Input data:

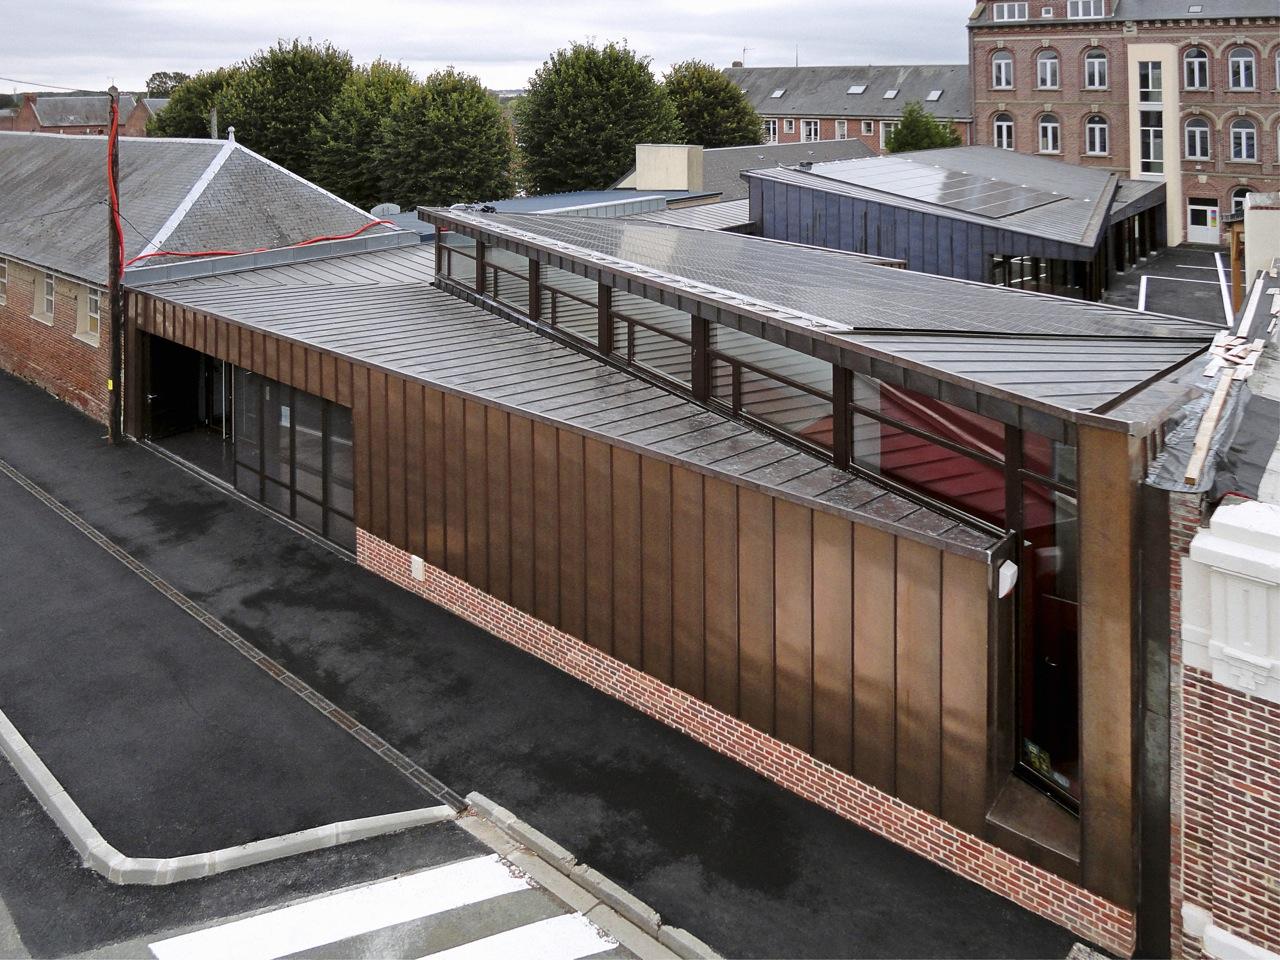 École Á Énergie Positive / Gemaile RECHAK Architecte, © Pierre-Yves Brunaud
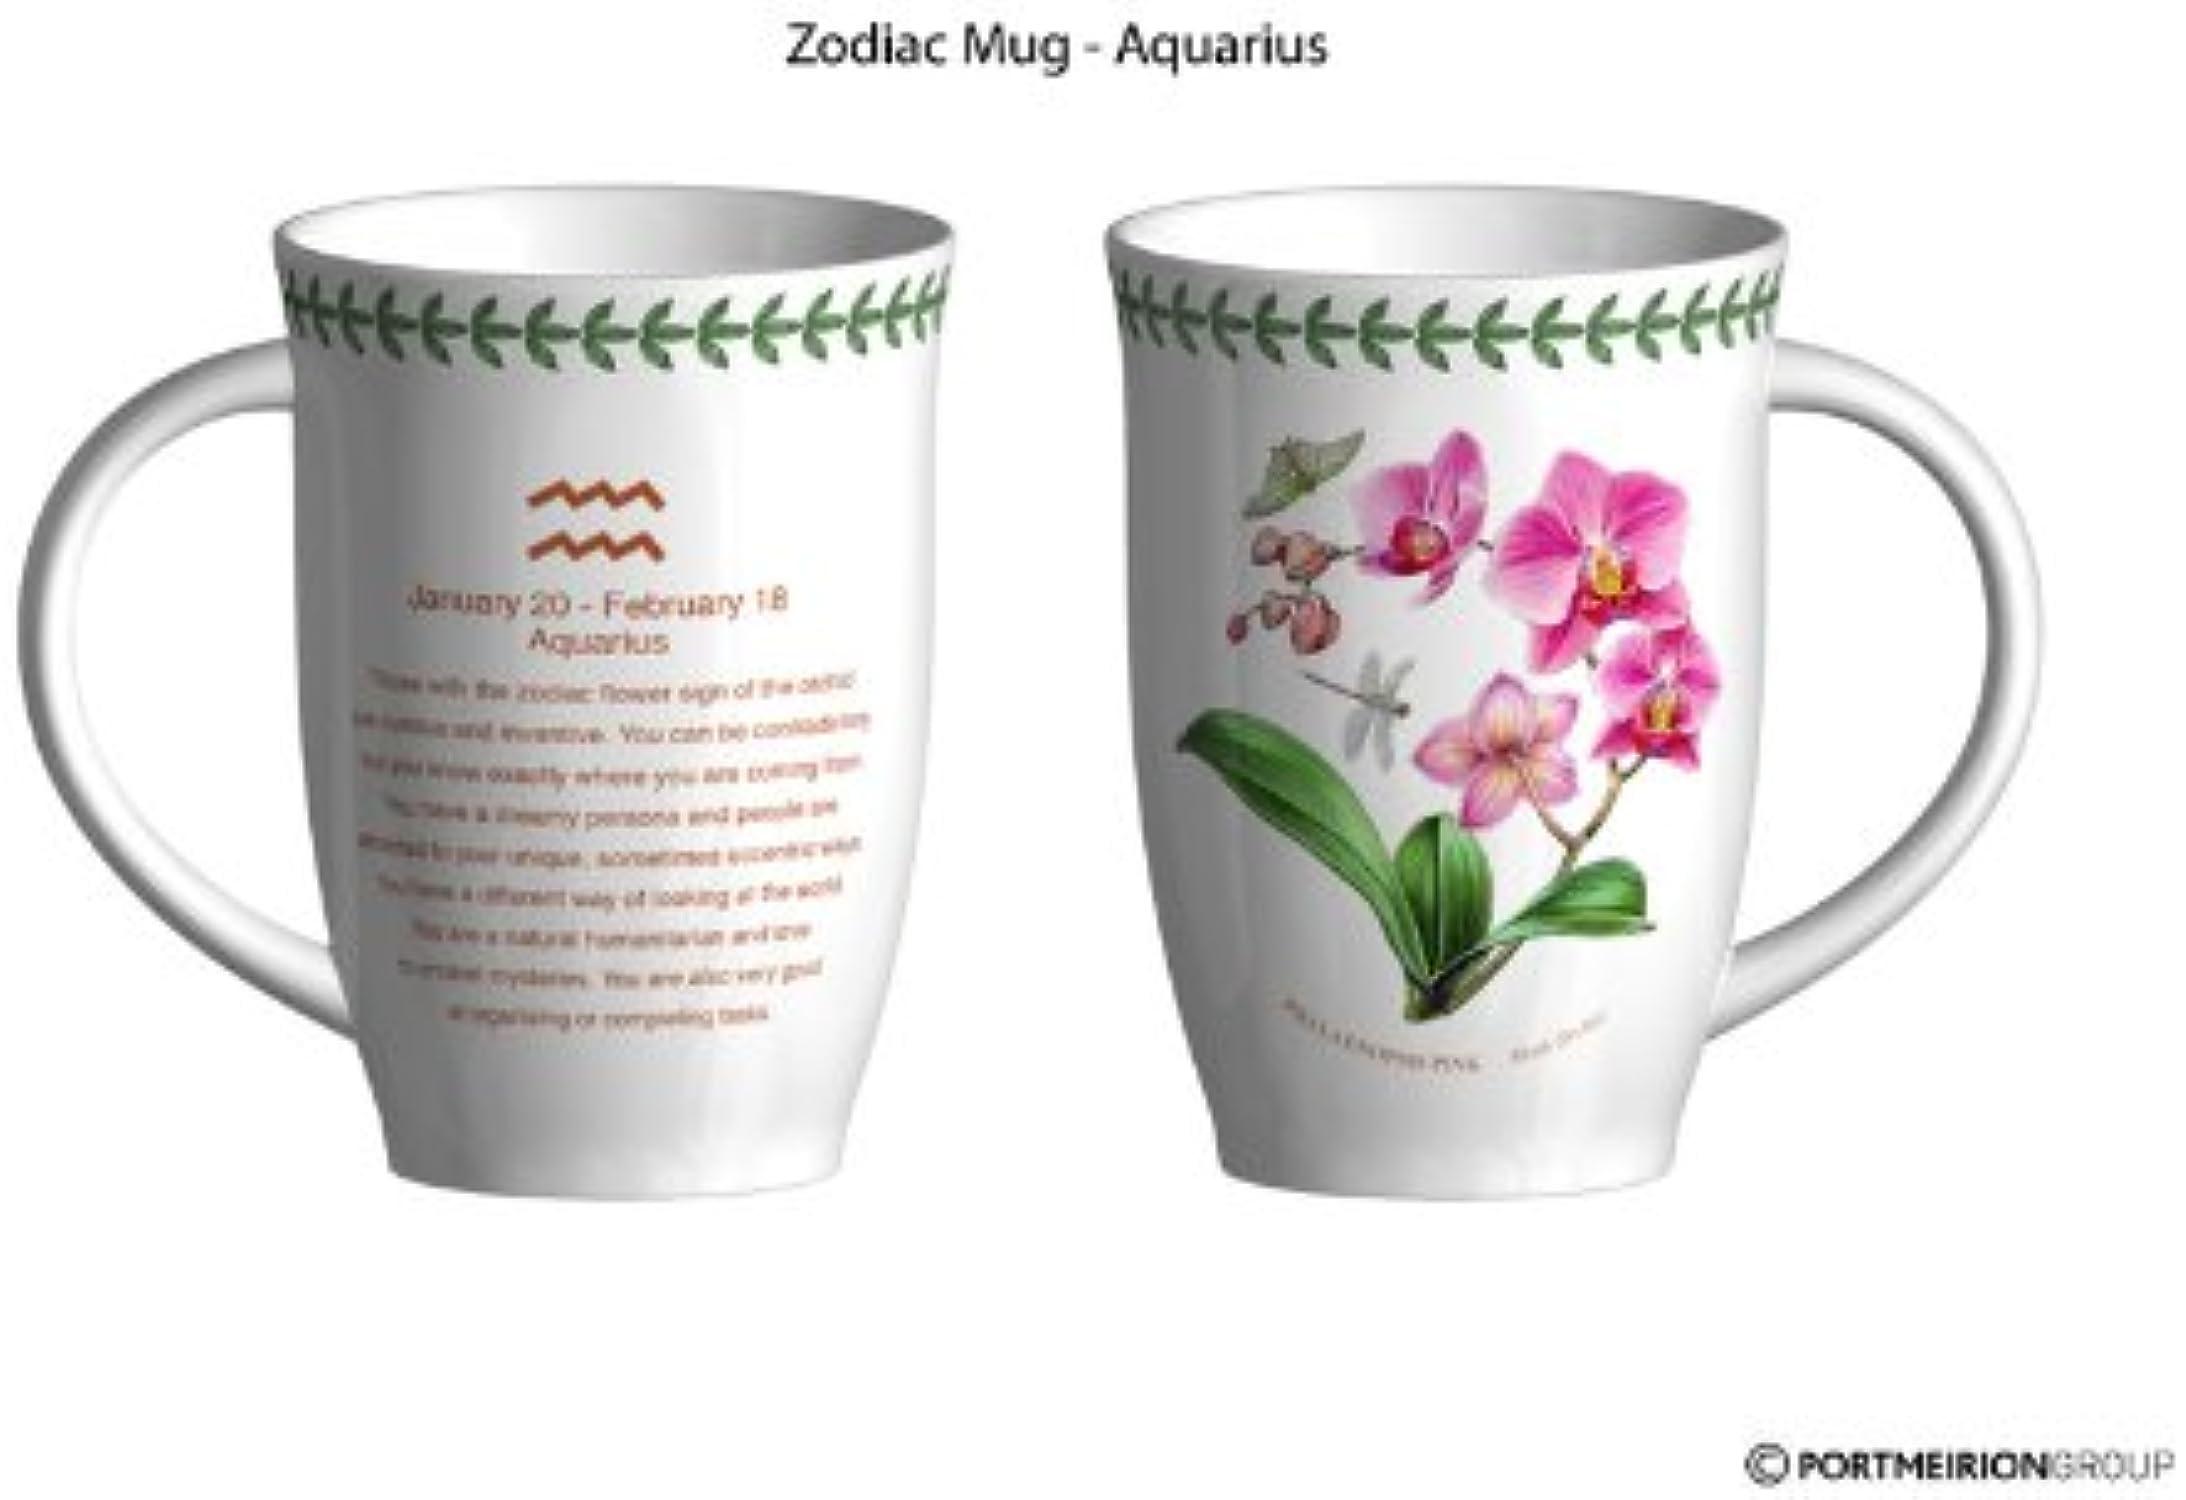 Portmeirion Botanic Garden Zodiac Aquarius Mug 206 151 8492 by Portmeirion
--
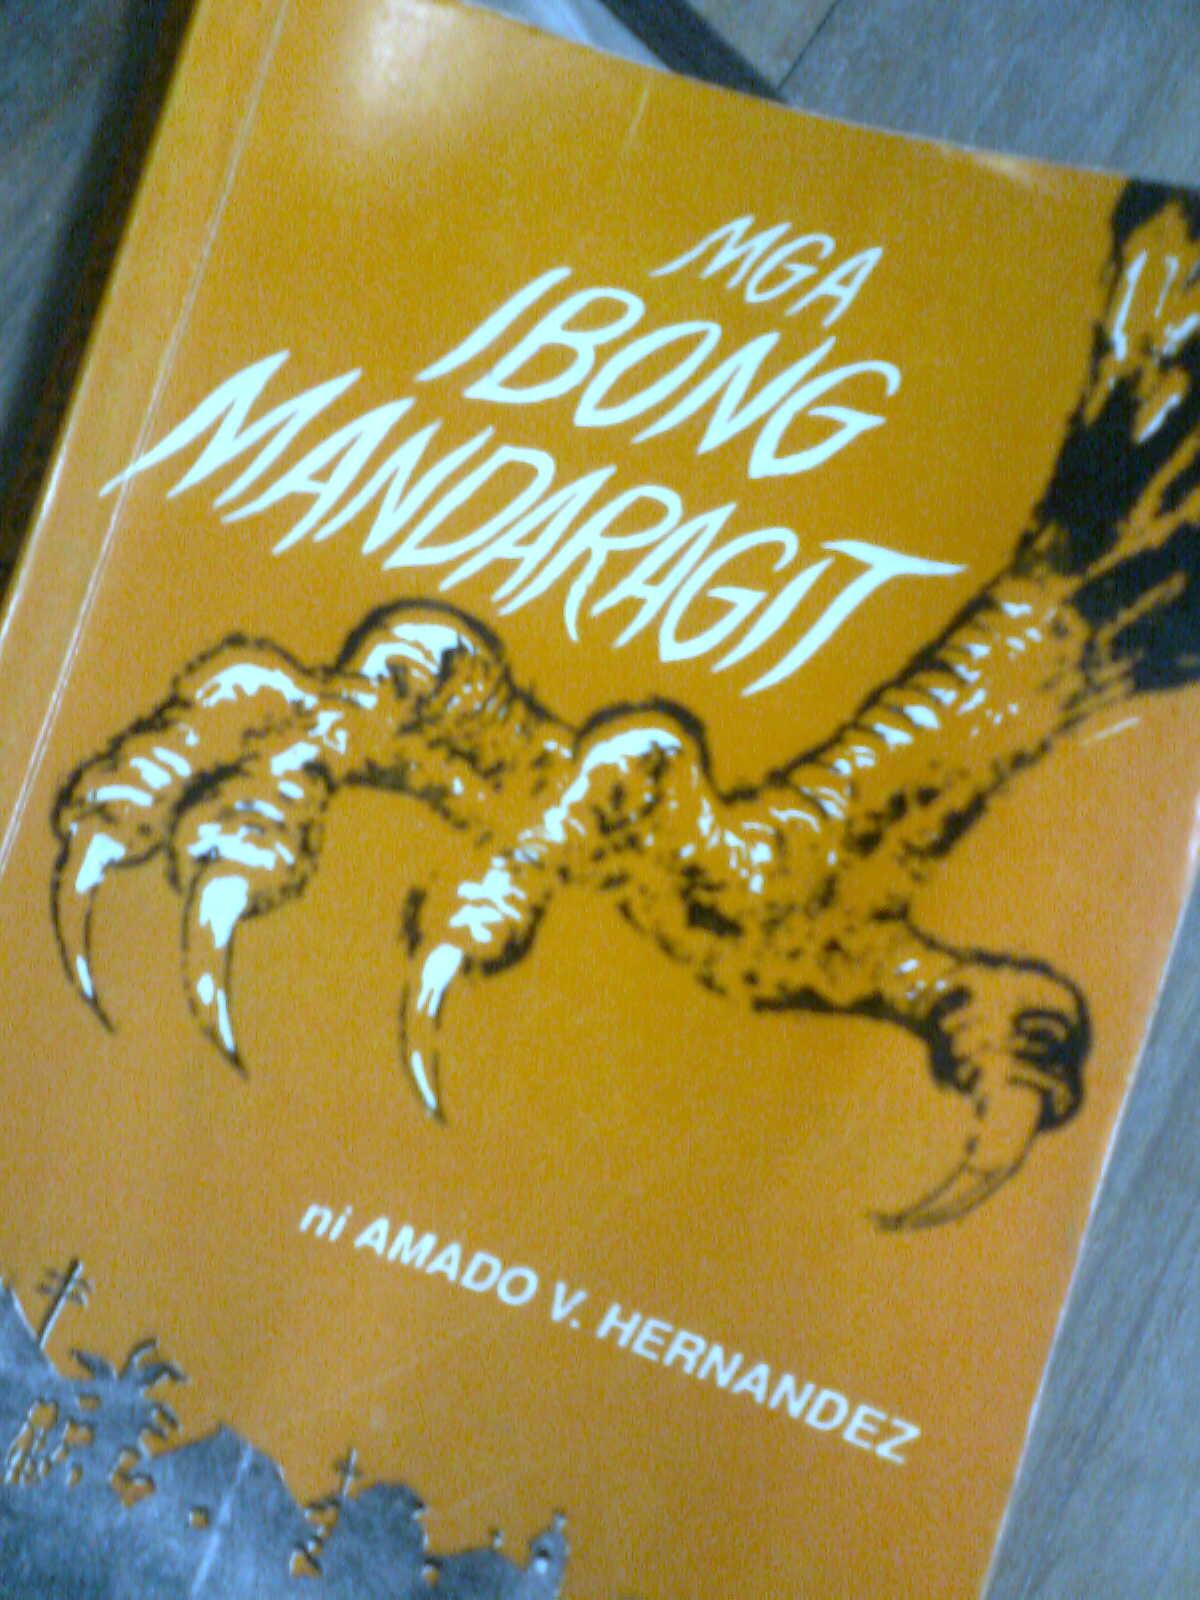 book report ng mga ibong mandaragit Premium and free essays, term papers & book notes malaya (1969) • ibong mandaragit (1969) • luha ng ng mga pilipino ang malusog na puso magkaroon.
...
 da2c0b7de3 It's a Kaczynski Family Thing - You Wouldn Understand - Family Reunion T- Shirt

Your objective:
In the records above, everything from the line with "École Á Énergie" down to the line with "Portmeirion Botanic Garden" must be duplicated exactly, both lines kept. Leave no pictures in.

Solved problem:
 École Á Énergie Positive / Gemaile RECHAK Architecte, © Pierre-Yves Brunaud
 Portmeirion Botanic Garden Zodiac Aquarius Mug 206 151 8492 by Portmeirion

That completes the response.